7.14         SEVERABILITY
 
In the event that any provision of this Plan shall be held illegal, invalid or unenforceable for any reason, such provision shall be fully severable, but shall not affect the remaining provisions of the Plan, and the Plan shall be construed and enforced as if the illegal, invalid, or unenforceable provision was not included herein.
 
7.15         GENDER, TENSE AND HEADINGS
 
Whenever the context so requires, words of the masculine gender used herein shall include the feminine and neuter, and words used in the singular shall include the plural.

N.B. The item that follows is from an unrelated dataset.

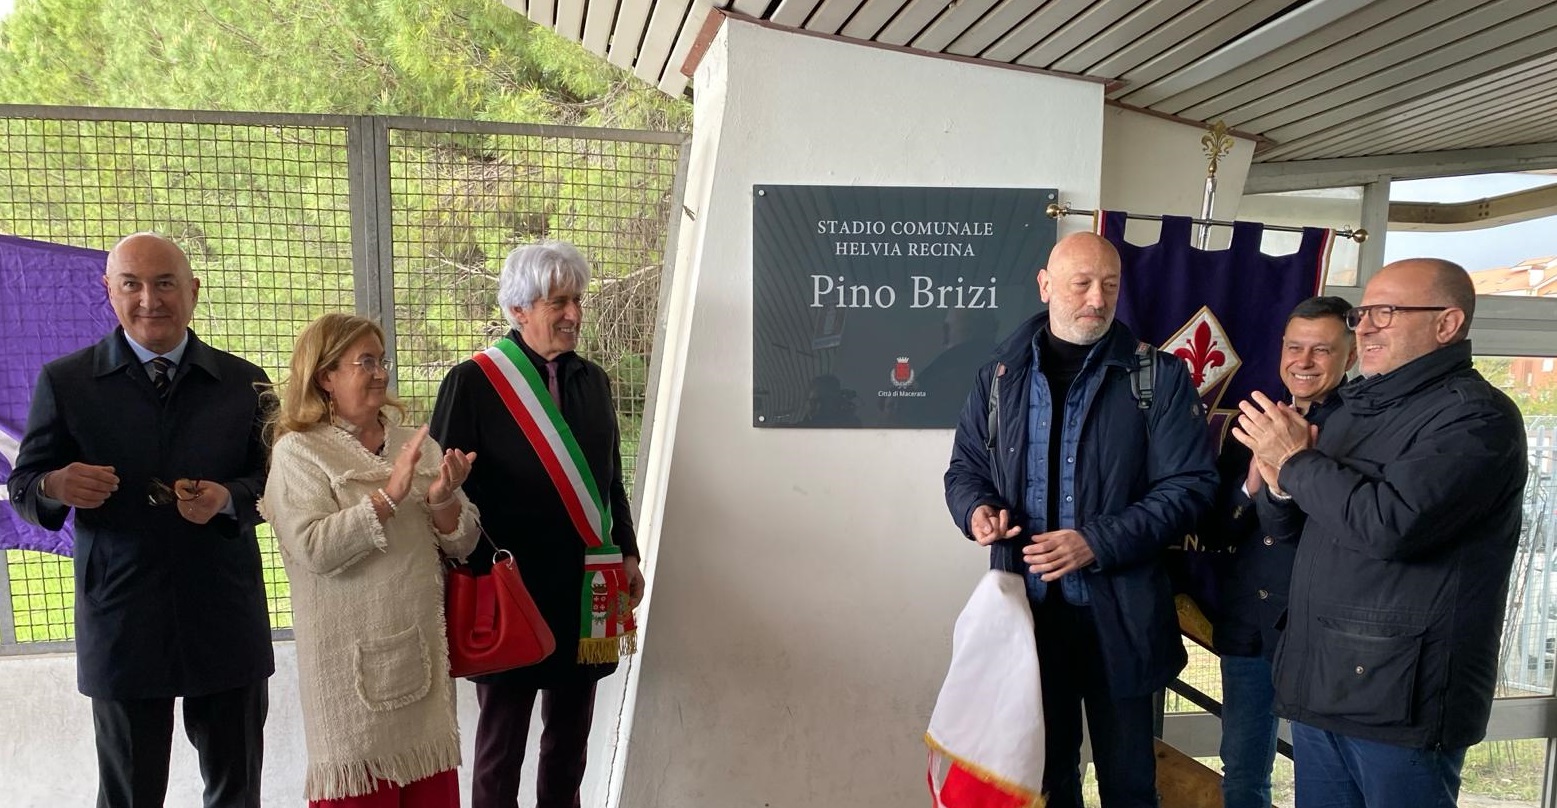 Macerata, lo stadio comunale Helvia Recina intitolato a Pino Brizi

Section headings as used herein are inserted solely for convenience and reference and constitute no part of the interpretation or construction of the Plan.
 
7.16         GOVERNING LAW
 
The Plan shall be interpreted, construed and constructed in accordance with the laws of the State of Texas without regard to its conflicts of law provisions, except as may be superseded by applicable laws of the United States.
 
 
A-19

 
 
APPENDIX B
AMENDMENT TO INX Inc. 2008 EMPLOYEE STOCK PURCHASE PLAN
 
 
FIRST AMENDMENT TO
INX INC. 2008 EMPLOYEE STOCK PURCHASE PLAN
 
WHEREAS, INX Inc. (“INX") maintains the INX Inc. 2008 Employee Stock Purchase Plan (the "Plan");

WHEREAS, Section 19 of the Plan permits amendment to the Plan at any time and for any reason; and

WHEREAS, amendment of the Plan is now considered desirable to increase the number of shares of INX common stock available for purchase under the Plan;

NOW, THEREFORE, BE IT RESOLVED that by virtue and in exercise of the amending power reserved to INX under the Plan, the Plan shall be, and hereby is, amended in the following particulars:

 
1.
By substituting the following for the first sentence of section 13(a) of the Plan:

 
“Subject to adjustment as provided in Section 18, the maximum number of Shares which shall be made available for sale under the Plan shall be one million two-hundred fifty thousand (1,250,000) Shares.”

FURTHER RESOLVED, except as specifically provided hereby, the Plan shall continue in full force and effect in accordance with the provisions thereof; and

FURTHER RESOLVED, this amendment shall be construed in accordance with and governed by the law of the State of Texas.